→ **The data**:
--

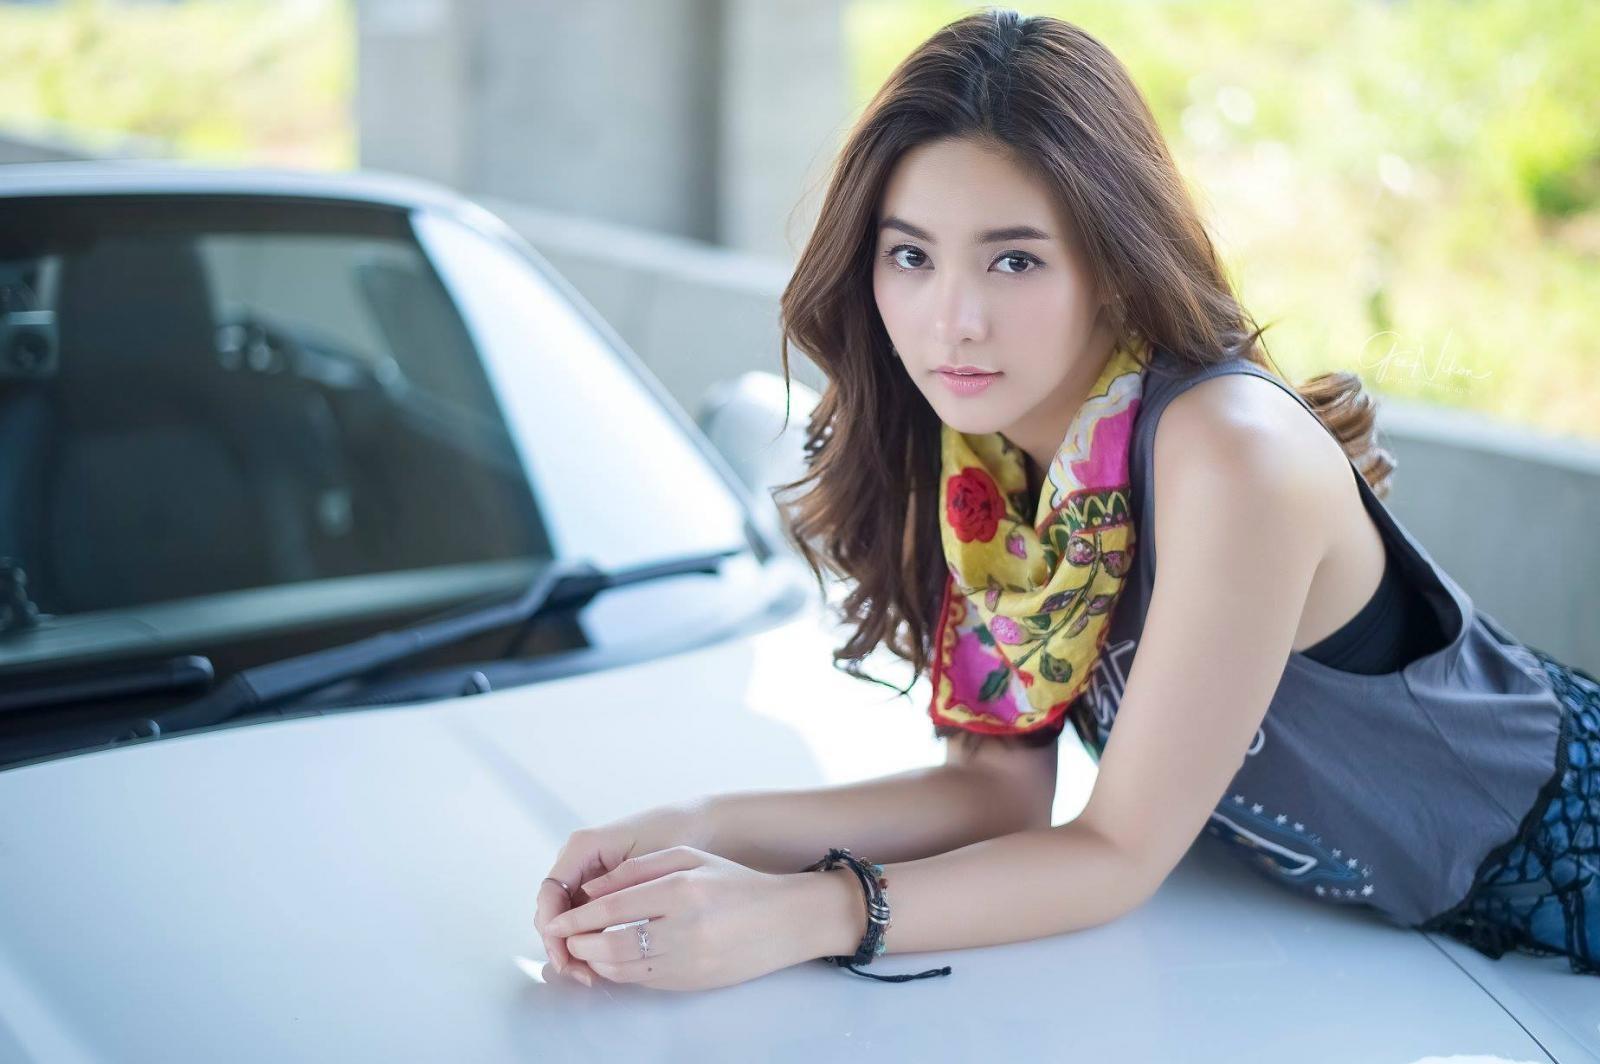 Tim đập loạn nhịp trước người đẹp Thái Lan bên Mazda mui trần - 6
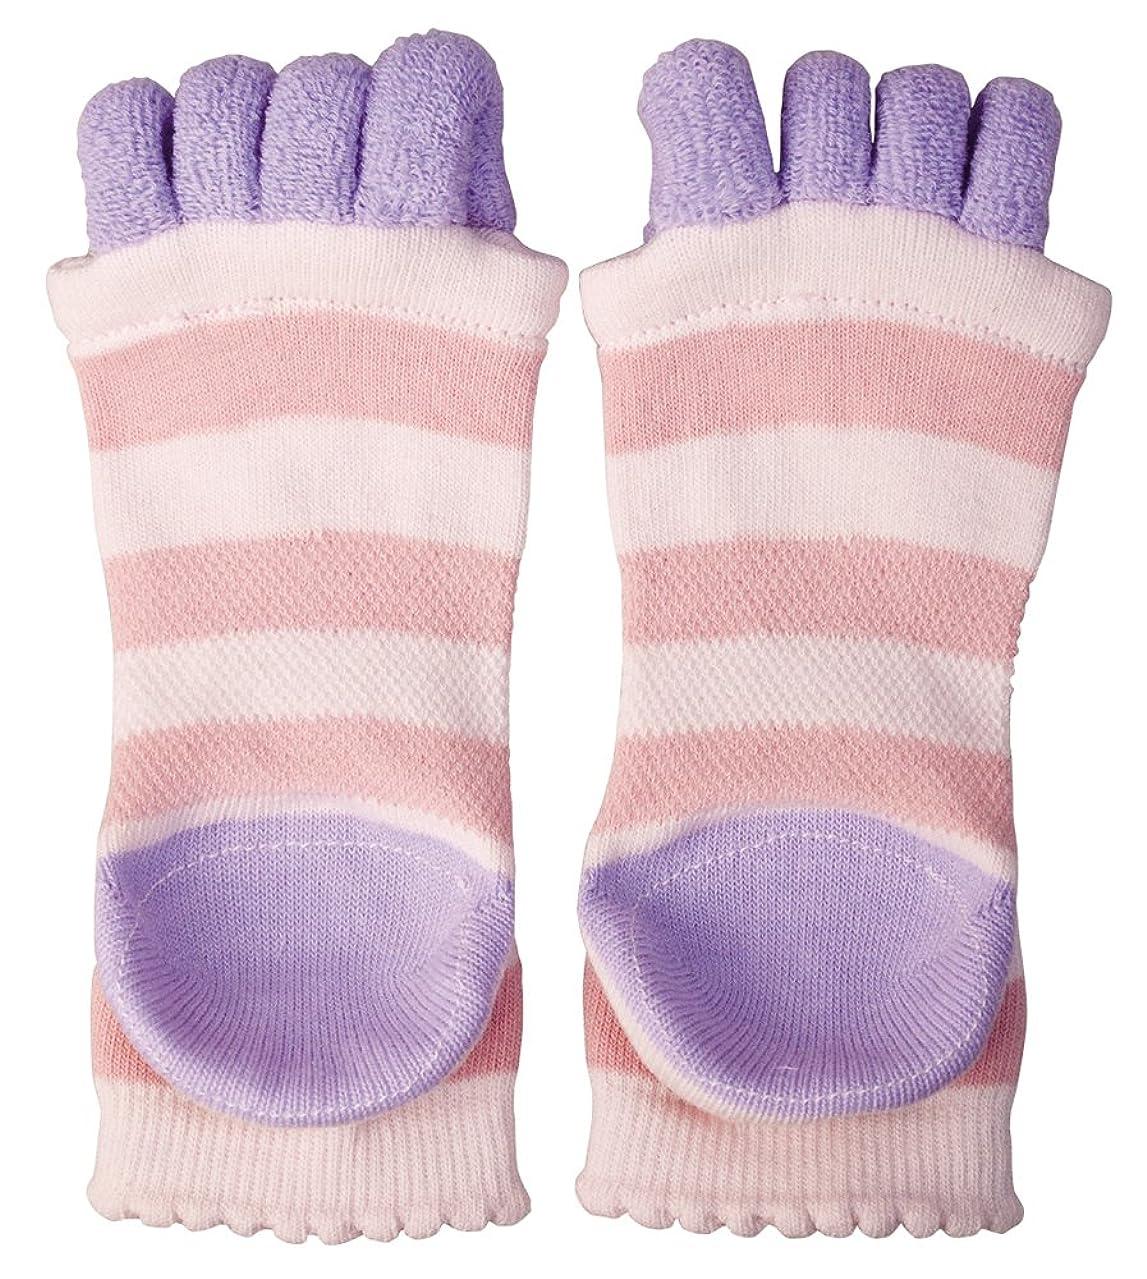 カウント予想外トランジスタ眠れる森の5本指 かかとソックス リラックス/靴下/ケア ピンク?AP-617105
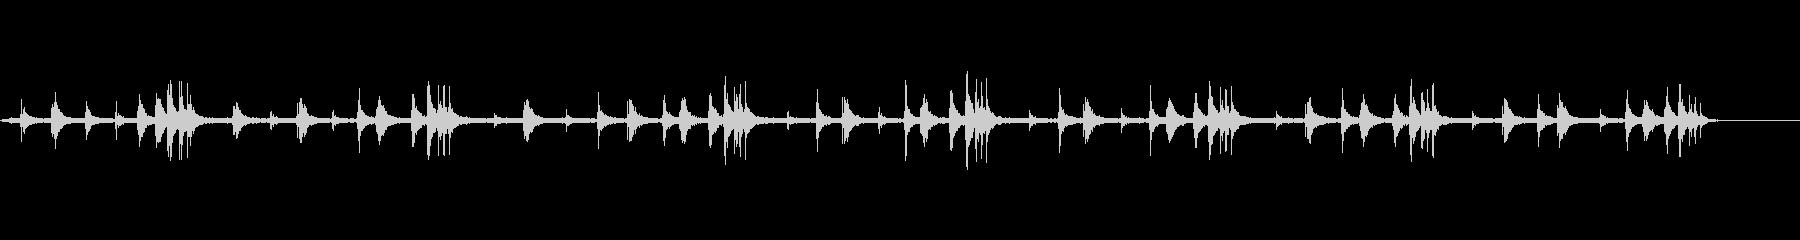 鳥の鳴き声【朝の公園】の未再生の波形
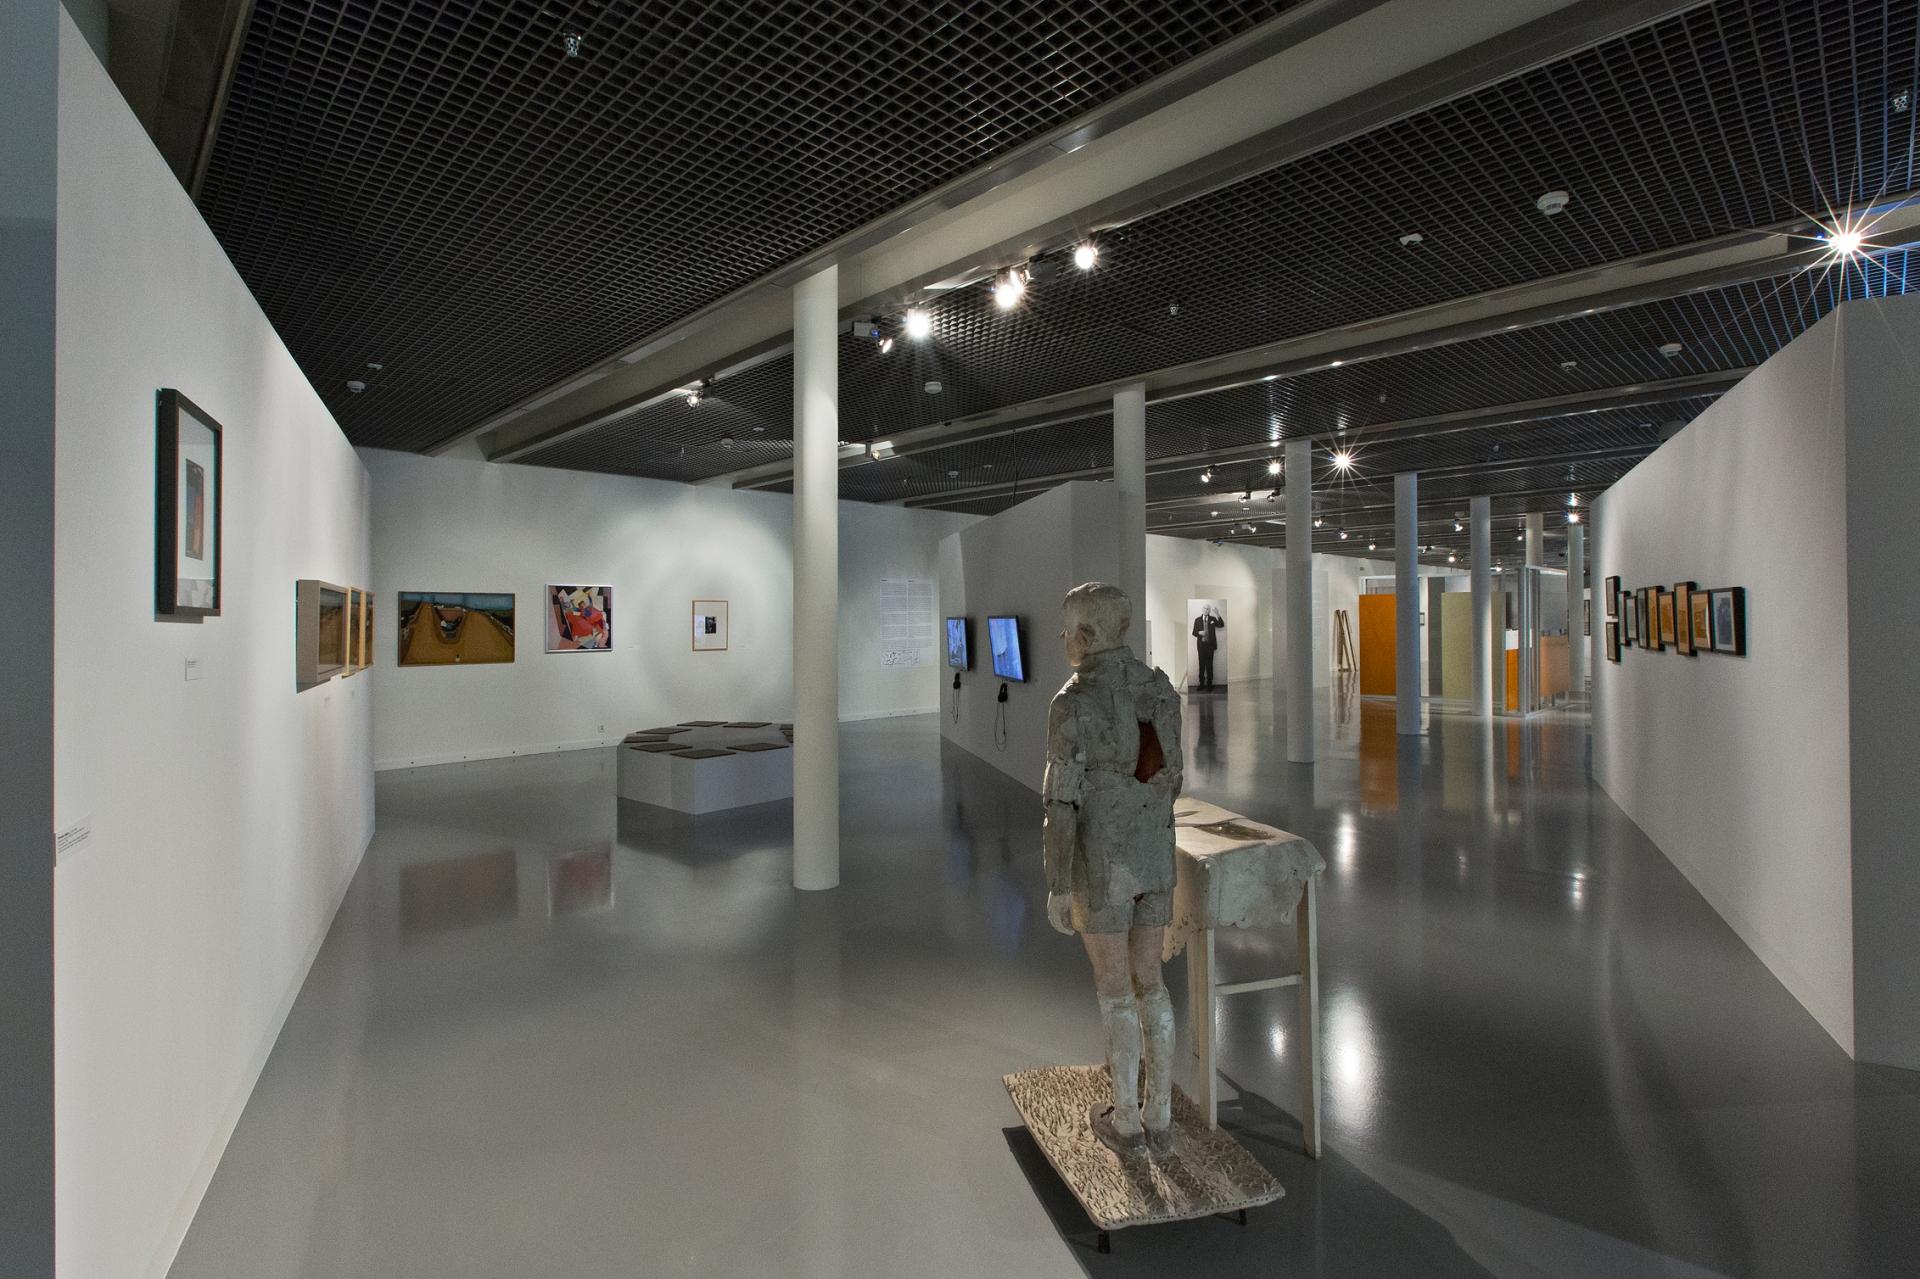 Atlas nowoczesności, widok ekspozycji. Fot. P. Tomczyk

--

→ **Problem statement**:
The answer must be the listing above, restated word for word, with no images in it.

→ **Response area**:
 Tim đập loạn nhịp trước người đẹp Thái Lan bên Mazda mui trần - 6
 カウント予想外トランジスタ眠れる森の5本指 かかとソックス リラックス/靴下/ケア ピンク?AP-617105
 鳥の鳴き声【朝の公園】の未再生の波形
 Atlas nowoczesności, widok ekspozycji. Fot. P. Tomczyk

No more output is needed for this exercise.